To present this, we'll turn to a class video.
Here you'll see me, dressed as a monk.
Actually, I've lived in monastery three times in my life.
But only for short durations.
Never more than 10 days.
But I wanted to dress like a monk for this class and turn out the lights, so
that the students would feel that they had been transported elsewhere.
To a different time and place back to the middle ages.
Accomplished and generally speaking in the middle ages there was this tendency to
ascribe to a single or
a couple of male authority figures, a lot more than they actually did.
The point here is the Gregorian chant was being composed 500 years before
Gregory set foot on this Earth, and nearly a 1000 years after that.
What's the purpose of Gregorian chant?
What did it do?
Well, it did two things, one, it communicated the message of the church,
it allowed for the transmission of the word of God,
as they the faithful understood the word and understood God.

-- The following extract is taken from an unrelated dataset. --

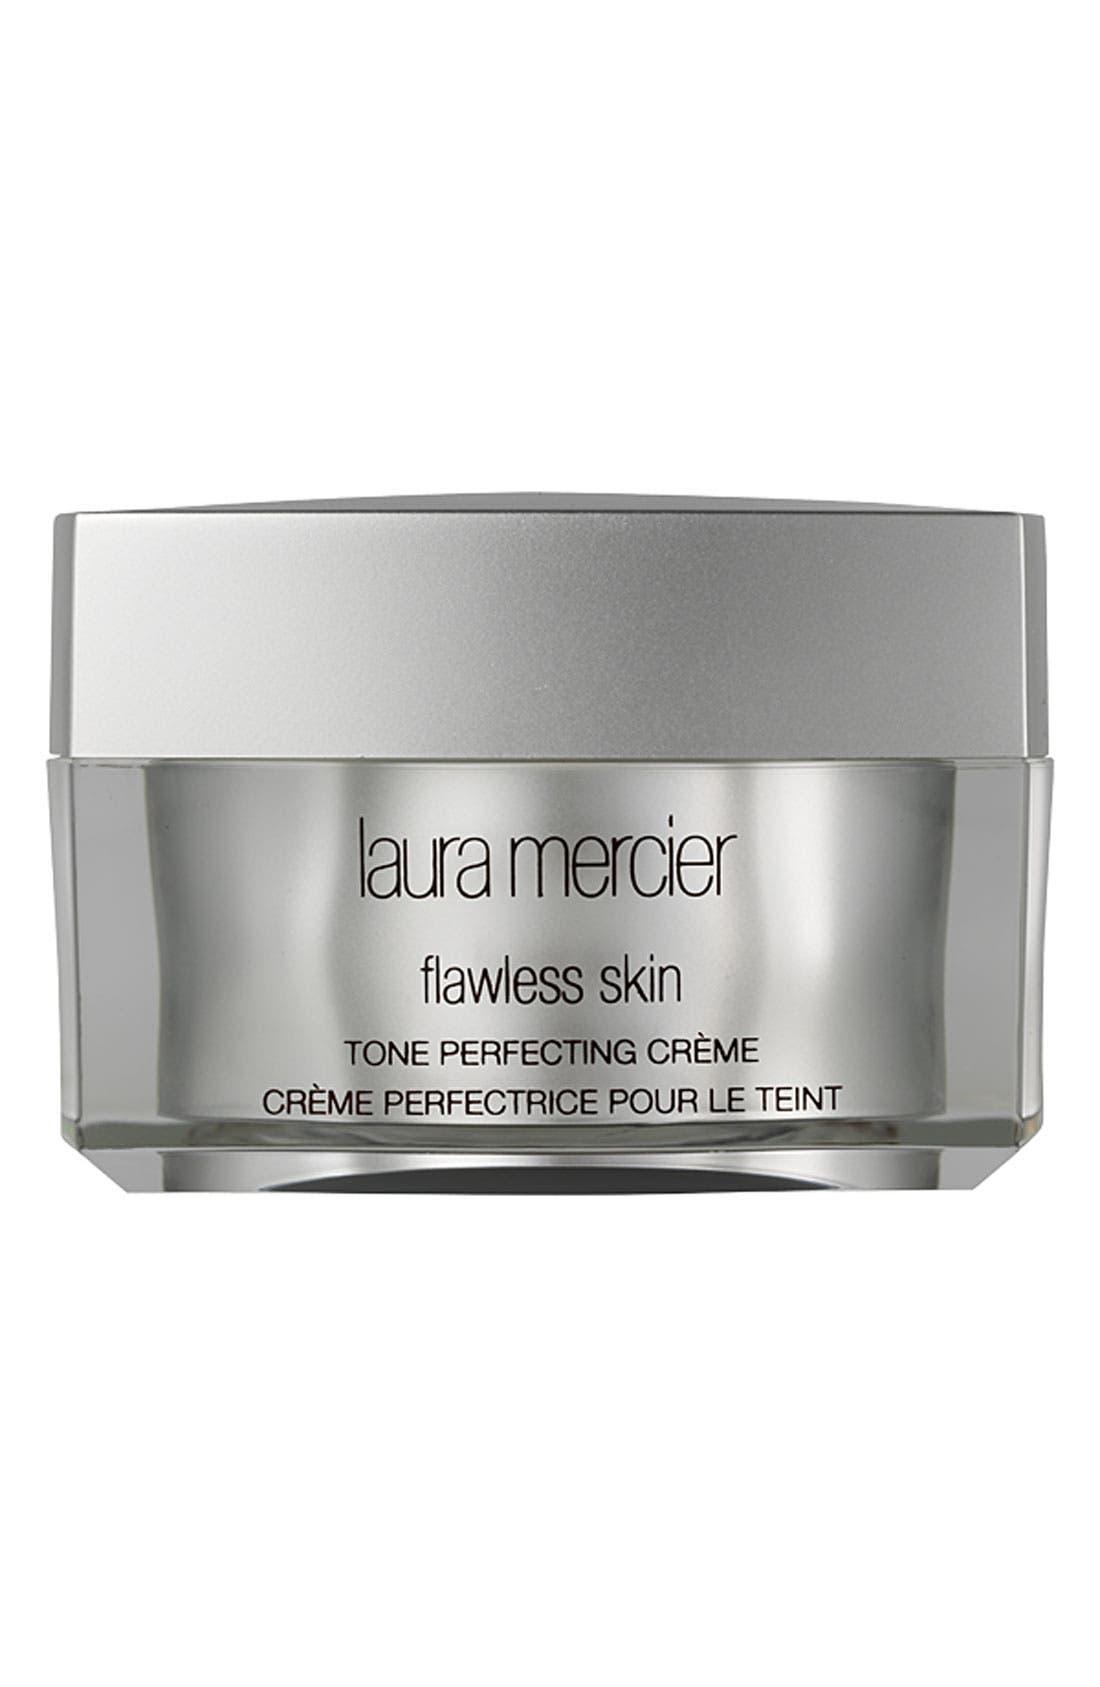 'Flawless Skin' Tone Perfecting Crème,                             Main thumbnail 1, color,                             000

And it transmitted the theology, the message of the church.
Chant then, was a medium for the broadcast, literally,
the broadcast of the word, in a resonant acoustical environment, such as a stone or
stucco church, one can project, one can impel a text better.
If you sing it rather than just simply to claim it as usual.
I could say, for
example, now let us read the epistle of the blessed apostle Paul to the Romans.
But the text projects better if I sing it.
[FOREIGN].
In that fashion it goes out better, and it can reverberate better.